Adrenal Insufficiency United

Adrenal Insufficiency in the Classroom: What every teacher needs to know

During recess one of your students jumps off the swing and breaks his foot.  Parents are called and the next day he shows up with a foot cast and shares his story with his classmates .  

Now imagine this child is Adrenal Insufficient (AI), he doesn’t produce cortisol.  Without immediate and appropriate treatment, he could be dead in 30 minutes or less.  How would you feel knowing you didn’t have the tools to help him, that by the time EMS arrived it could be too late because they didn’t have the ability to help either. Most Emergency Medical Services (EMS) personnel not familiar with the treatment of Adrenal Crisis nor do they have the medication on their ambulances to treat it.  Doctors advise parents and family members to give the Solu-Cortef® shot PRIOR to calling EMS or going to the ER.  Often school districts restrict a teacher’s ability to give injections and with all the budget cuts school nurses are not on campus either.  

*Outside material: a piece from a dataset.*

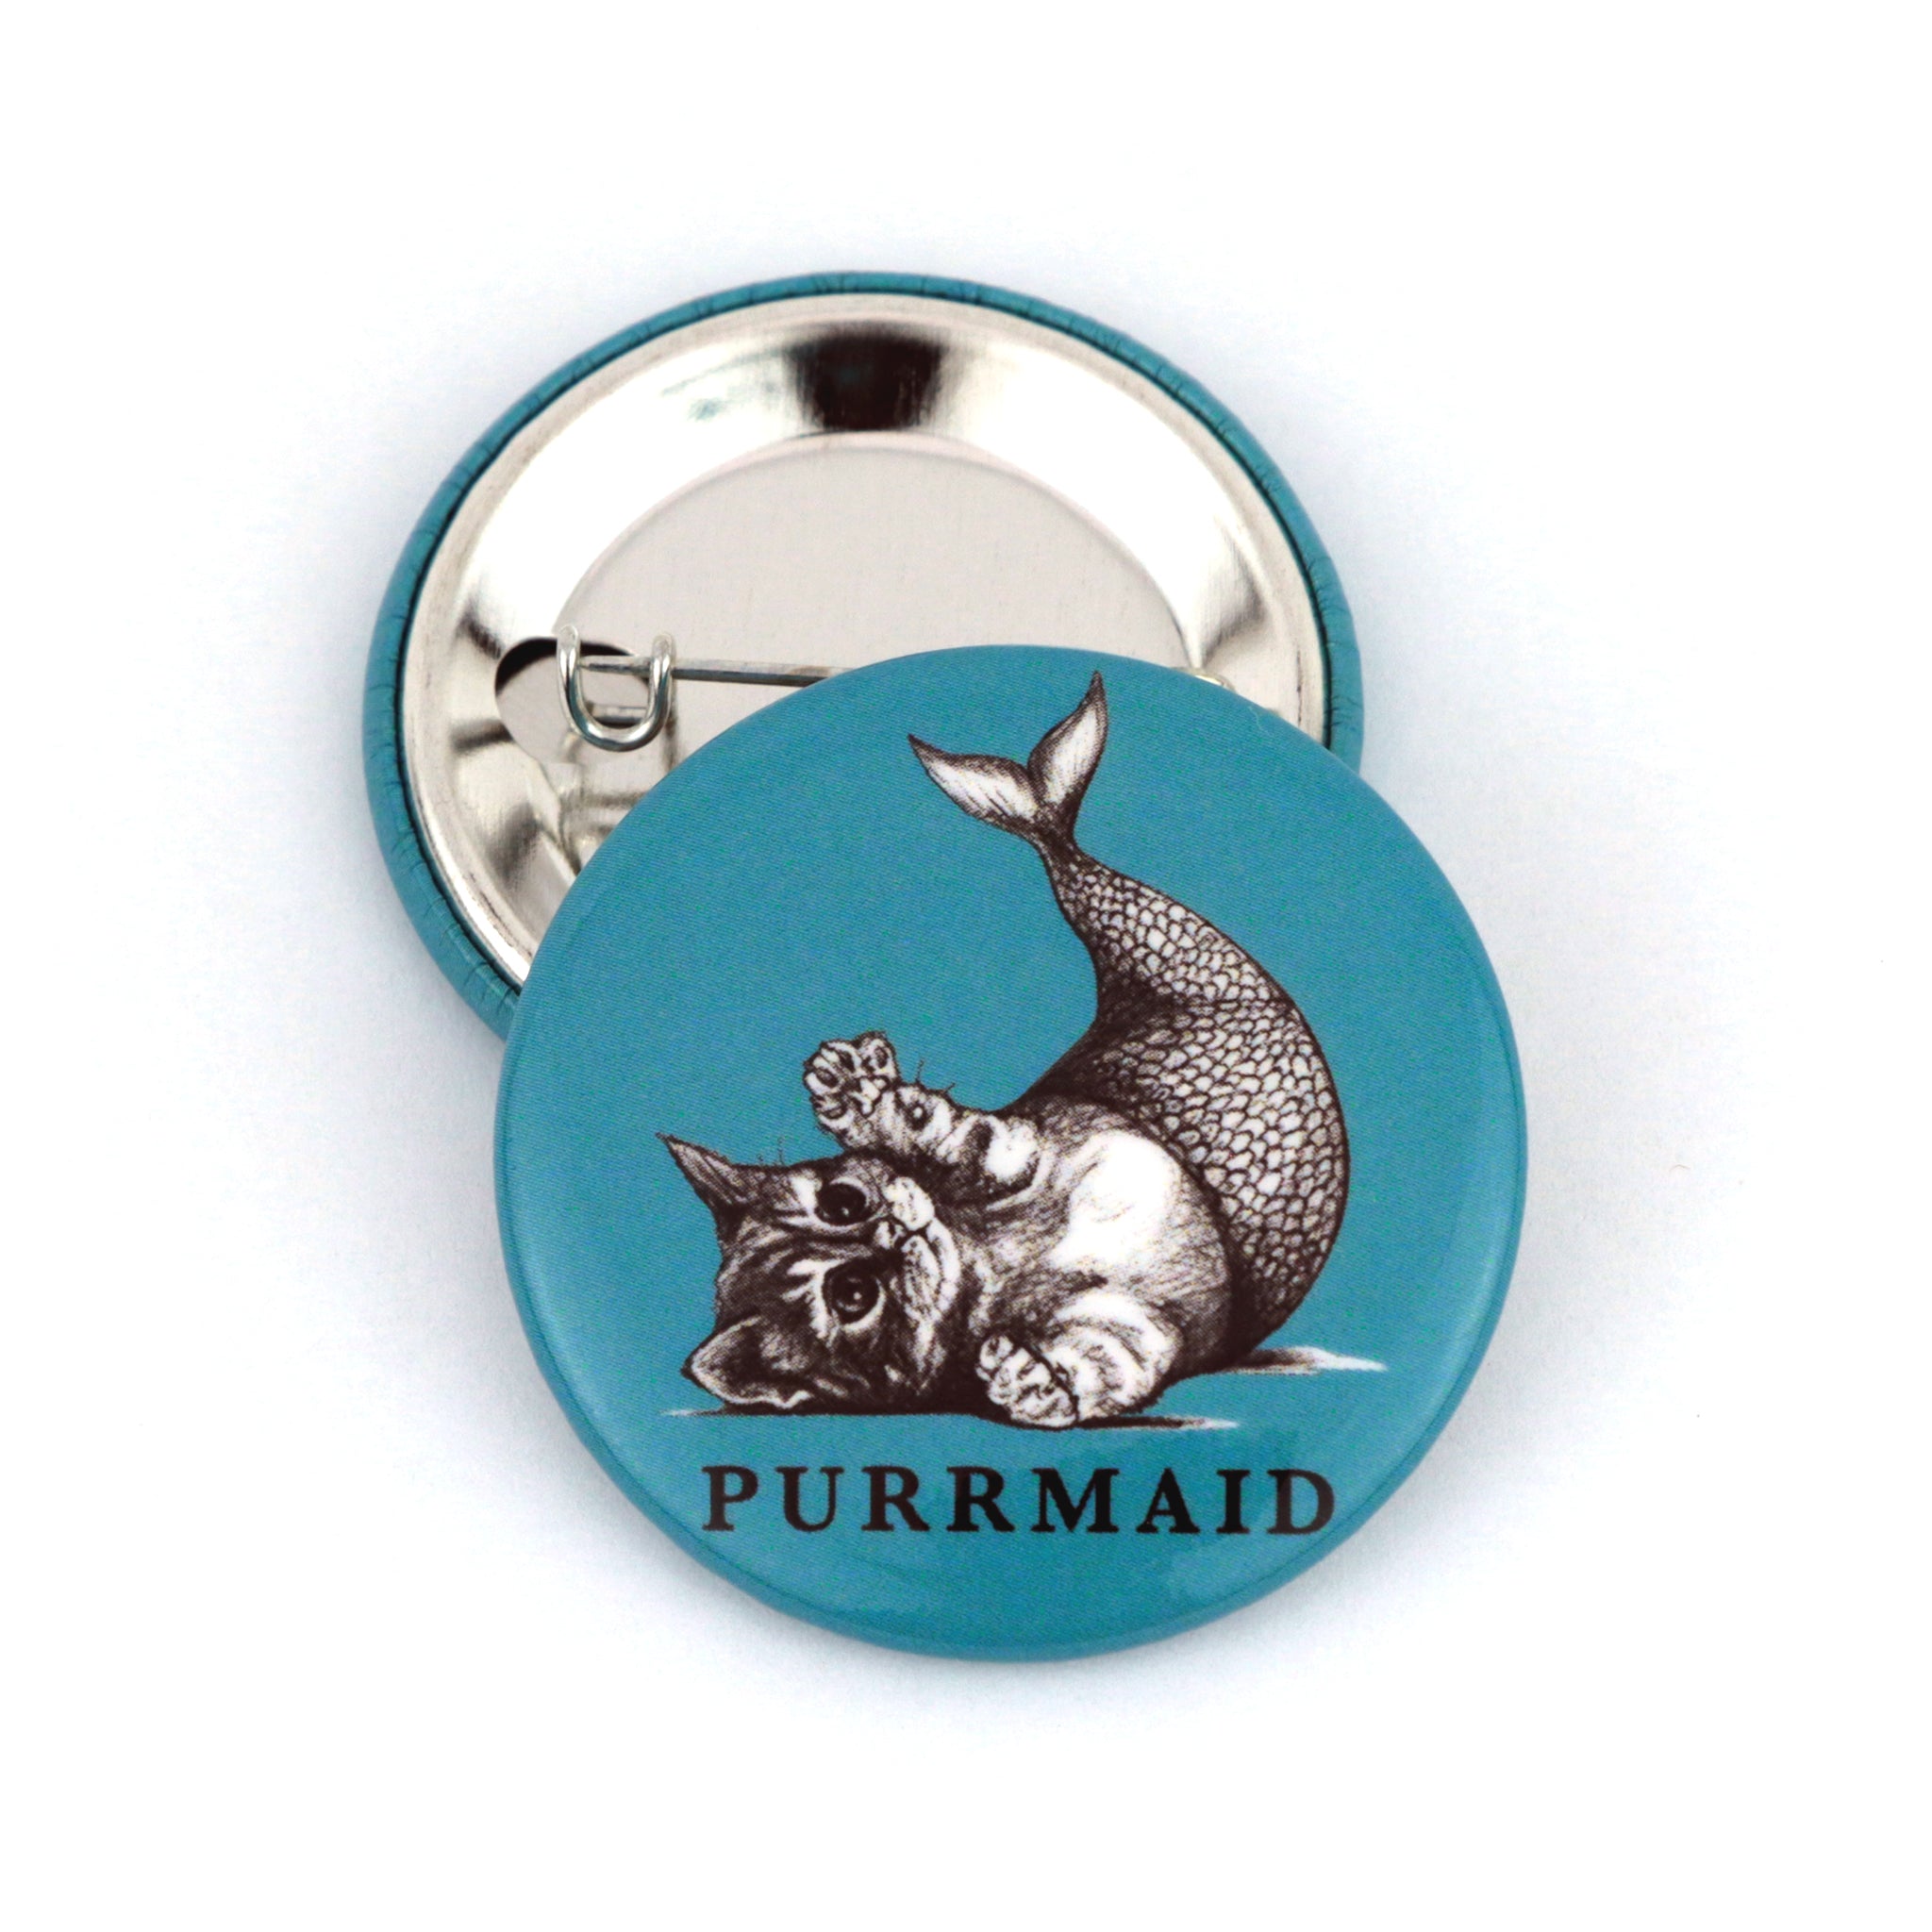 Purrmaid 1.5" Pinback Button

Written by Jennifer Knapp:  AIU Executive Director and former Special Education teacher.  While the child in this photo does have adrenal insufficiency, the story about his foot is one I made for the sake of this blog. 


Why could a student die from a broken foot?  Cortisol, often called the “Stress Hormone” is vital to life and regulates the heart, blood pressure and other vital body systems.  An Injury or illness causes the body to increase cortisol production up to 10x the normal amount. Someone who cannot produce cortisol needs an immediate injection of cortisol, (in the form of Solu-Cortef®), or their body systems will start to shut down causing coma, brain injury and eventually death.  

Who’s at risk and why haven’t I ever heard of this?  There are over 60 causes of Adrenal Insufficiency, some are present at birth, others develop later, even those using long-term steroid inhalers for the treatment of asthma are at risk for (AI).  A recent study predicts that over 6,000,000 cases in the USA alone are still undiagnosed.  While more adults have AI than children it is still much more common than previously thought.  

What can I do?  When you receive word that a student in your class has Adrenal Insufficiency ask the parent if there are any special instructions or things you need to do when their child is sick or injured.  Make sure to inform parents of any illnesses that are going around in the classroom.  A “simple” stomach bug can cause an adrenal crisis and require injection and hospitalization.  If your district allows you to administer injections get trained.  If they don’t let you administer, please advocate for your student, and make sure someone on the school campus can administer the injection in an emergency.  Don’t assume the paramedics will rush in and save the day, most likely they don’t have the ability to inject either.  

What will I see in a child with Adrenal Insufficiency?  Adrenal Insufficiency, like diabetes, affects each child differently, but there are many common symptoms. Darkened skin (like a tan), especially on knuckles and other joints. A child who has an unusually fast growth spurt or is significantly shorter than others in the class.  This is especially true for children who’ve not been diagnosed yet or those who are not receiving the proper dose of medication. Children with AI may experience frequent stomach aches or headaches. You might see ADD type behaviors and memory/concentration issues  (people with AI say they feel “foggy”), and child who seems to have emotional mood swings.  Since children with AI don’t make cortisol, they don’t deal with emotional stress very well) Some can seem aggressive or easily angered.  Children can be like yoyos, crying one moment, happy the next, then angry.  All within a couple of hours. 

It’s important to know that your student with AI can be affected by both positive and negative stress, a fun filled field day or party may cause your student to run low on their Cortisol and require extra dosing. Be sure to inform parents and guardians of any special activities so they can make preparations.  

Another potential problem is dehydration, 75% of those with AI also lack the ability to maintain the fluid and electrolyte balance in their body.  Students must be allowed to drink water, Gatorade, or other electrolyte replacements.  

Kids with AI are tough, they live with this chronic condition every day, taking medications, going to doctors for blood tests etc.  Older students with AI have learned to listen to their body and know when they need extra medications.  Students in all age groups need health plans and/or 504s.  Depending on how each is affected by AI some will need IEPs. 

A conference with parents to put a health plan in place before school begins is one of the best ways to help ensure the safety and well-being of children with adrenal insufficiency. Every child is different and will not have the same reactions to physical or emotional stress talking to parents is the best way to find out what your student’s crisis triggers may be.